[Opening SUPPLIED INFORMATION section]

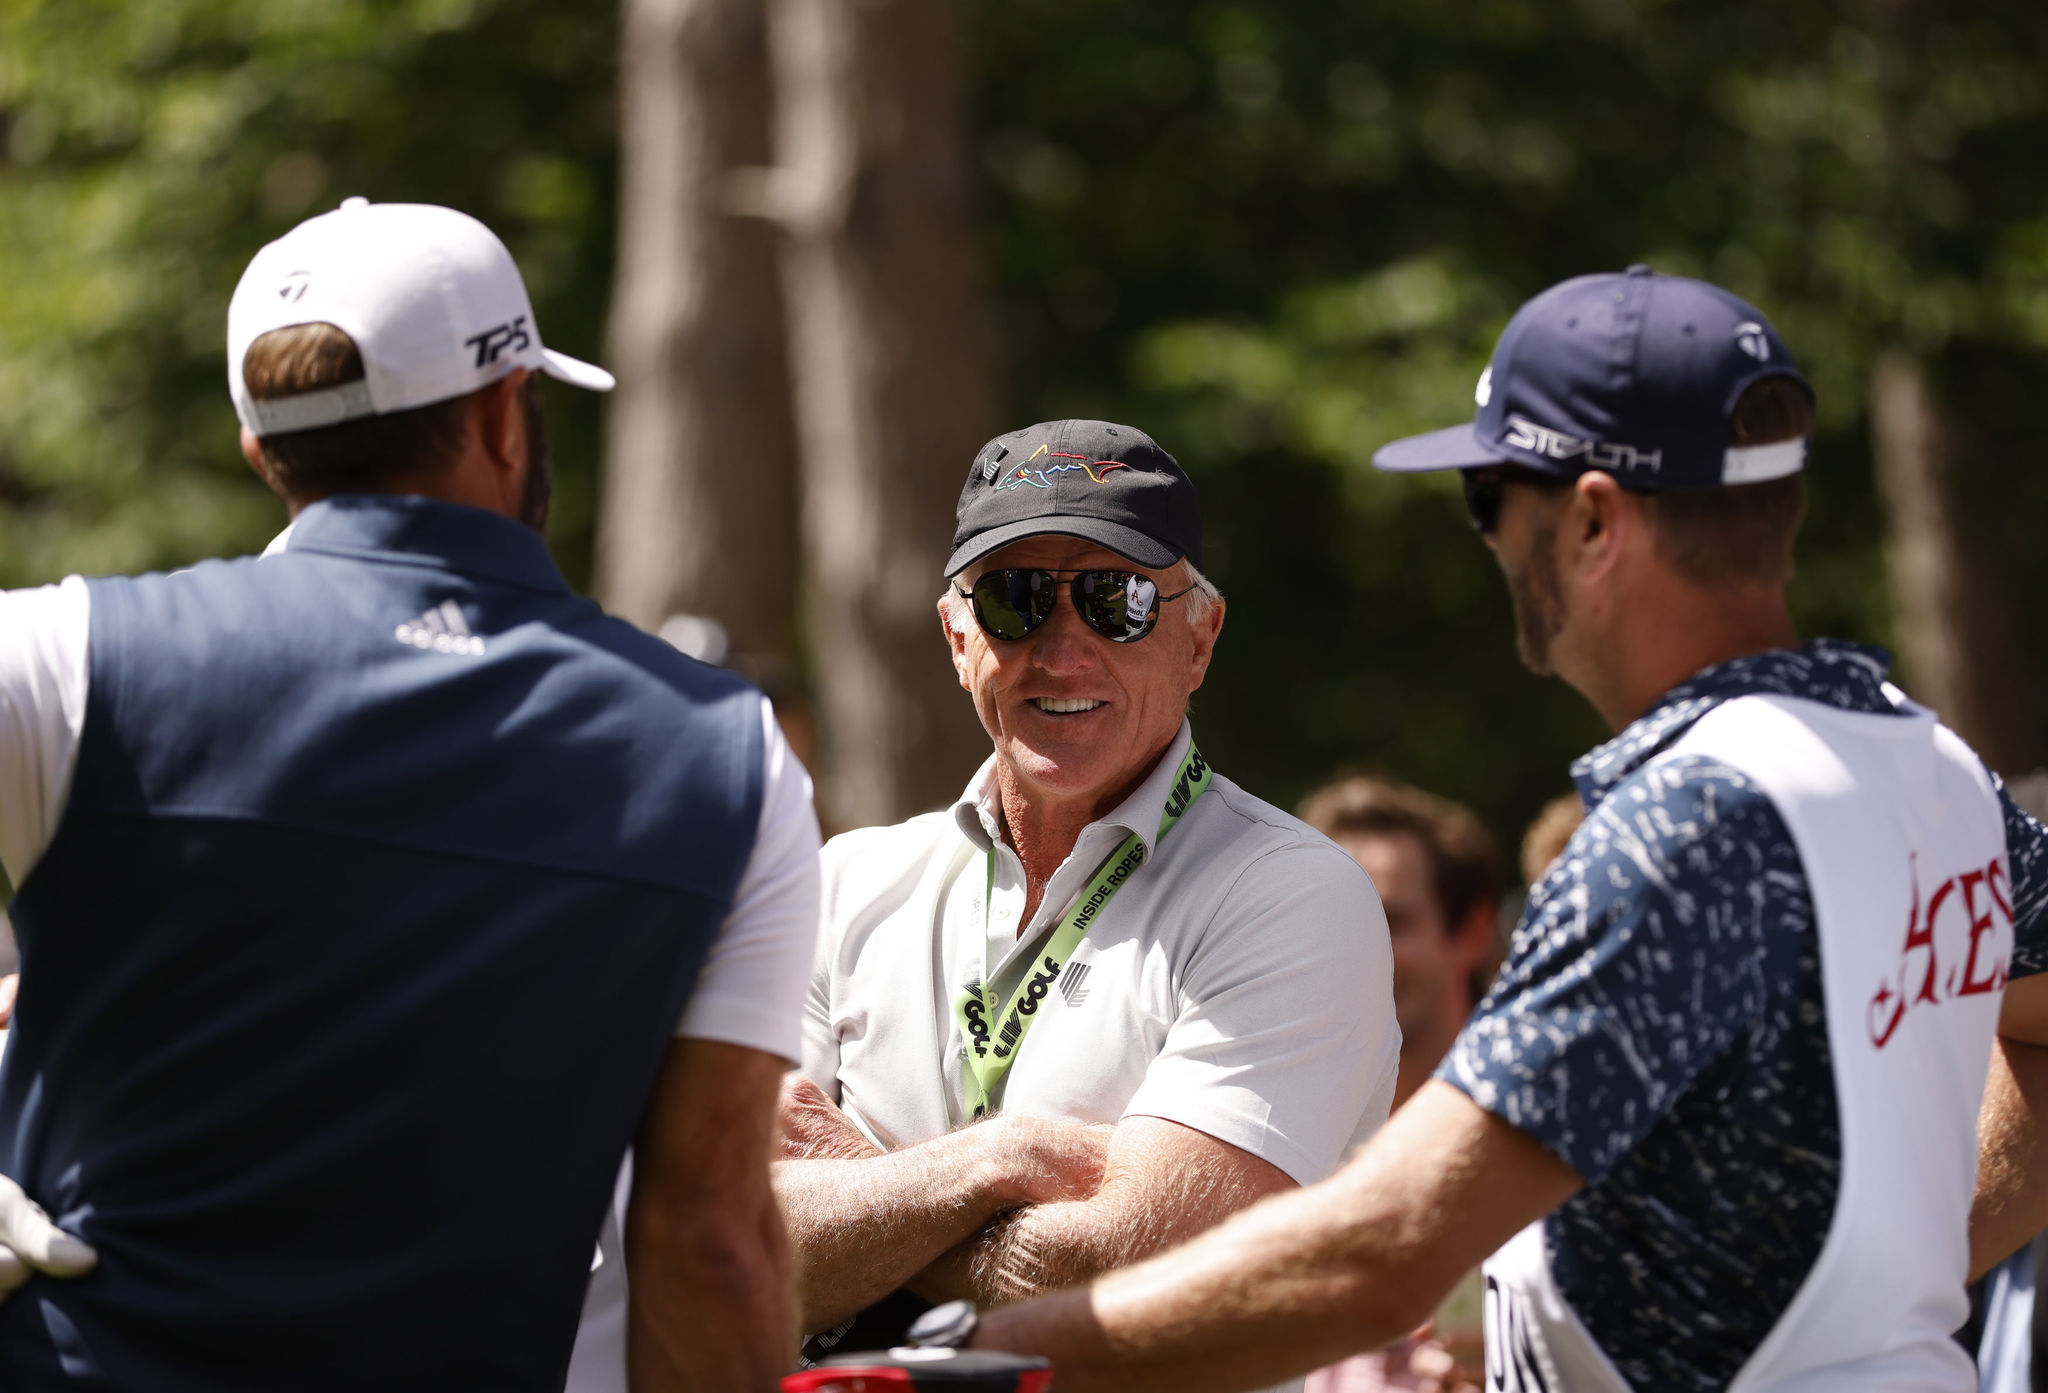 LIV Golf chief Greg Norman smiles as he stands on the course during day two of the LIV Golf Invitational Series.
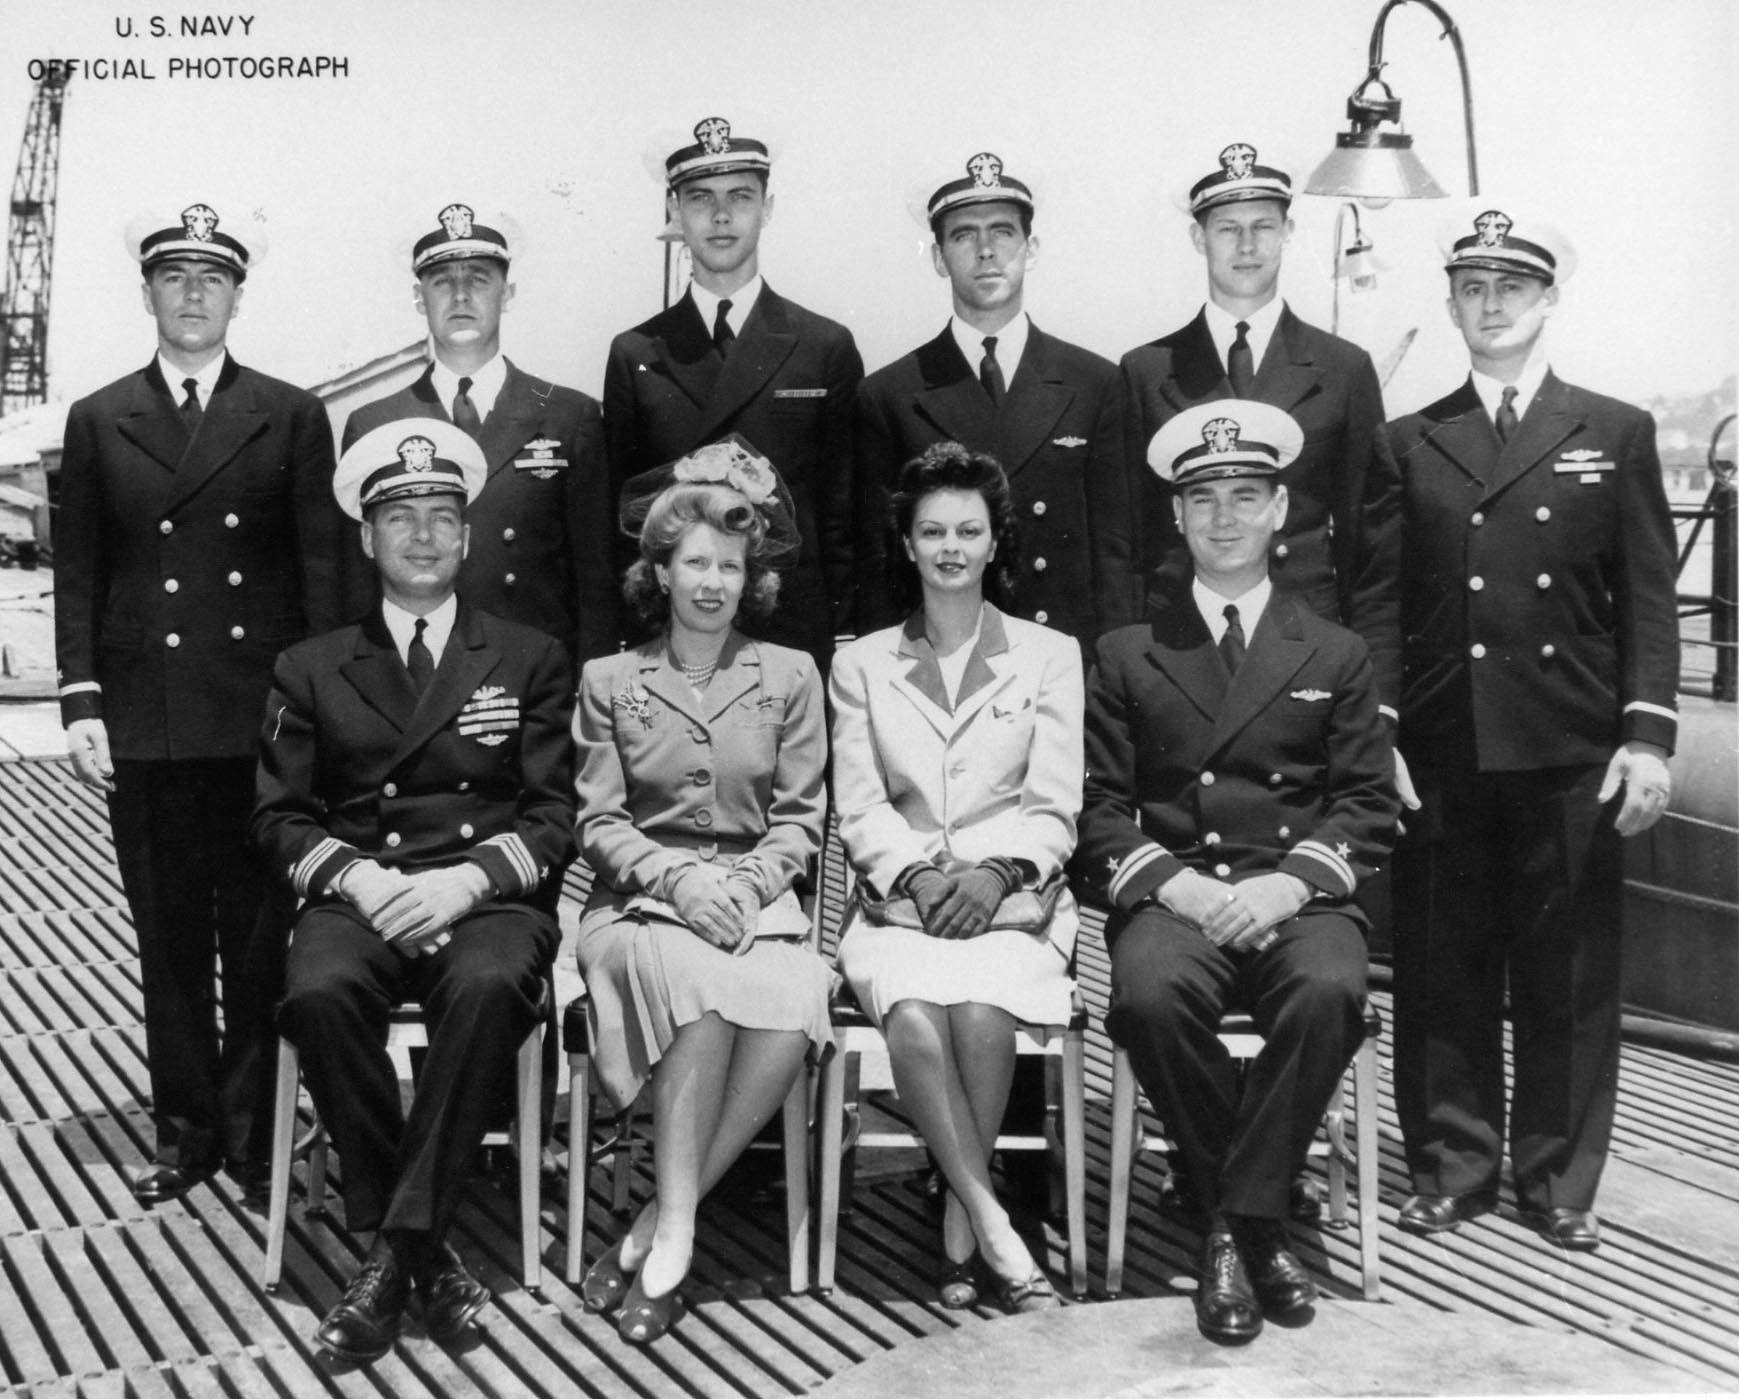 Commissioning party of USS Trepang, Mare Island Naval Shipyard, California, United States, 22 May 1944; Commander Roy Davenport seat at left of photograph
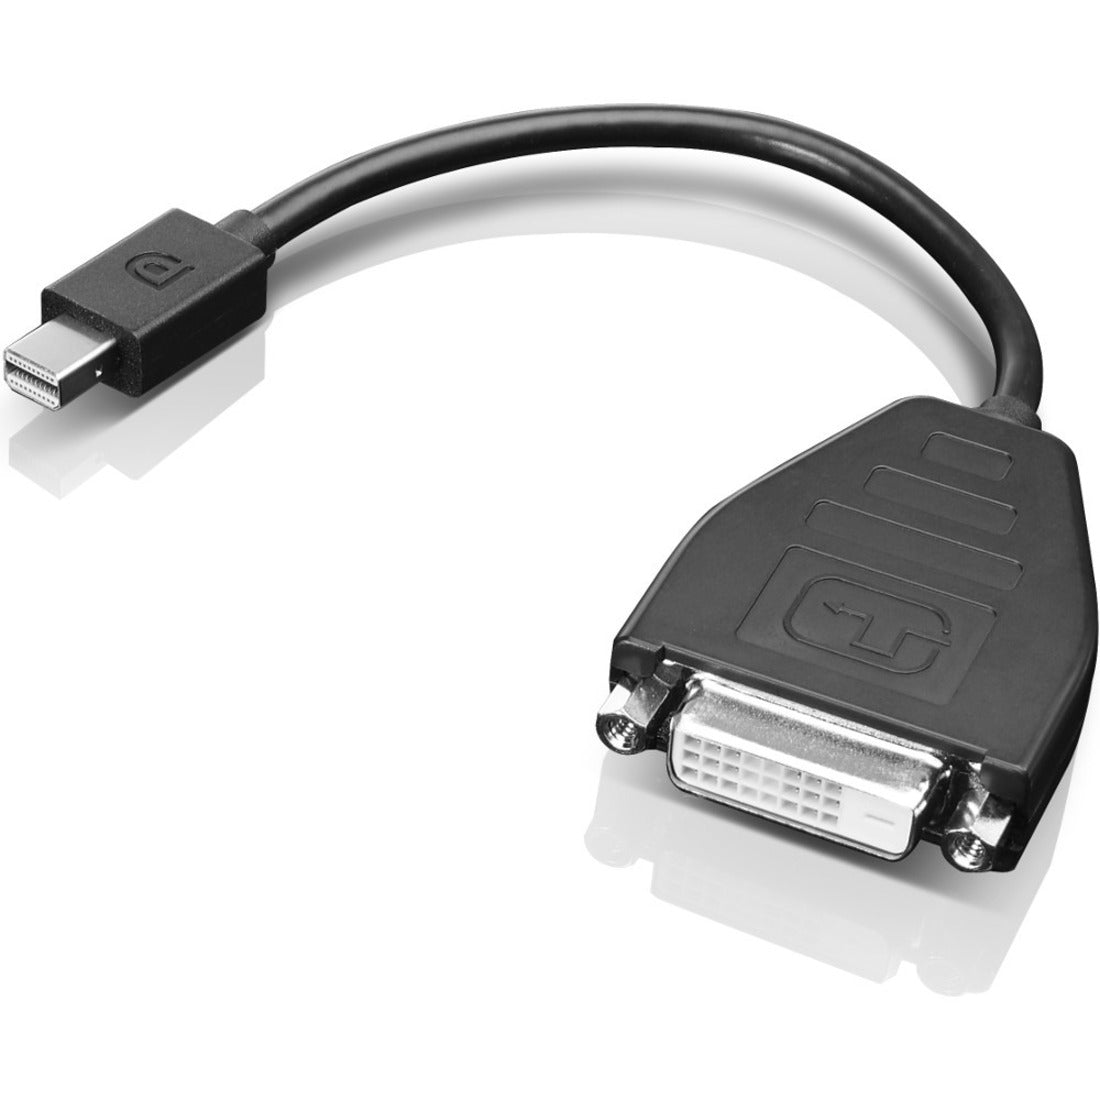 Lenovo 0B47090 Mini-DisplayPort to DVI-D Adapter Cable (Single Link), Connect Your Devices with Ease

[Closing SUPPLIED INFORMATION section]

WORK TASK> Output the listing above exactly, excluding all pictures.

RESPONSE AREA>
 LIV Golf chief Greg Norman smiles as he stands on the course during day two of the LIV Golf Invitational Series.
 Commissioning party of USS Trepang, Mare Island Naval Shipyard, California, United States, 22 May 1944; Commander Roy Davenport seat at left of photograph
 Lenovo 0B47090 Mini-DisplayPort to DVI-D Adapter Cable (Single Link), Connect Your Devices with Ease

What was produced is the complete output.